Great Metric Views – Graphite

Having great performance for your mass scale solutions is a top priority. To get this high level of performance you need to have insight. This is where Graphite can really help. This is a tool with a long history that allows you to manage metrics and visualizations. Although it doesn’t deliver the metrics itself directly, pretty much every observability open source library or tool out there supports Graphite. Once you have those metrics, Graphite offers a powerful tool to visualize them. It is an ideal tool for customization for individual environments but can have some challenges in scaling.
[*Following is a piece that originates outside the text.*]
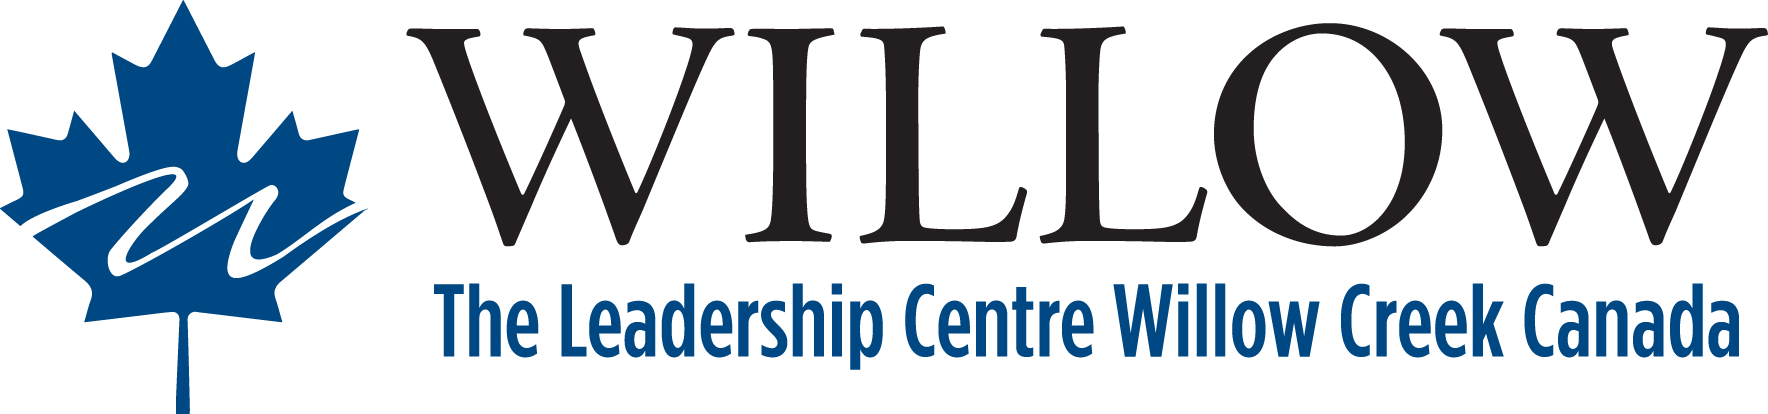 The Leadership Centre Willow Creek Canada Faith Alliance 150 Member Profile Faith In Canada 150

System Monitoring and Alerting Toolkit – Prometheus

Having a configurable and flexible toolkit for your system monitoring and alerting is essential for any DevOps professional. Prometheus is a multiple component based kit, suitable for any numeric based time series; it can store over a million time series in a single instance. It is fast to configure and get up and running, offering a GUI based dashboard, an alert manager, and a command line querying tool. It also has support for multi-dimensional data collection. Prometheus is definitely the new Graphite replacement. With many more plug-ins and connectivity and many integration points, if you are thinking about your next observability solution – it should be at the top of your list.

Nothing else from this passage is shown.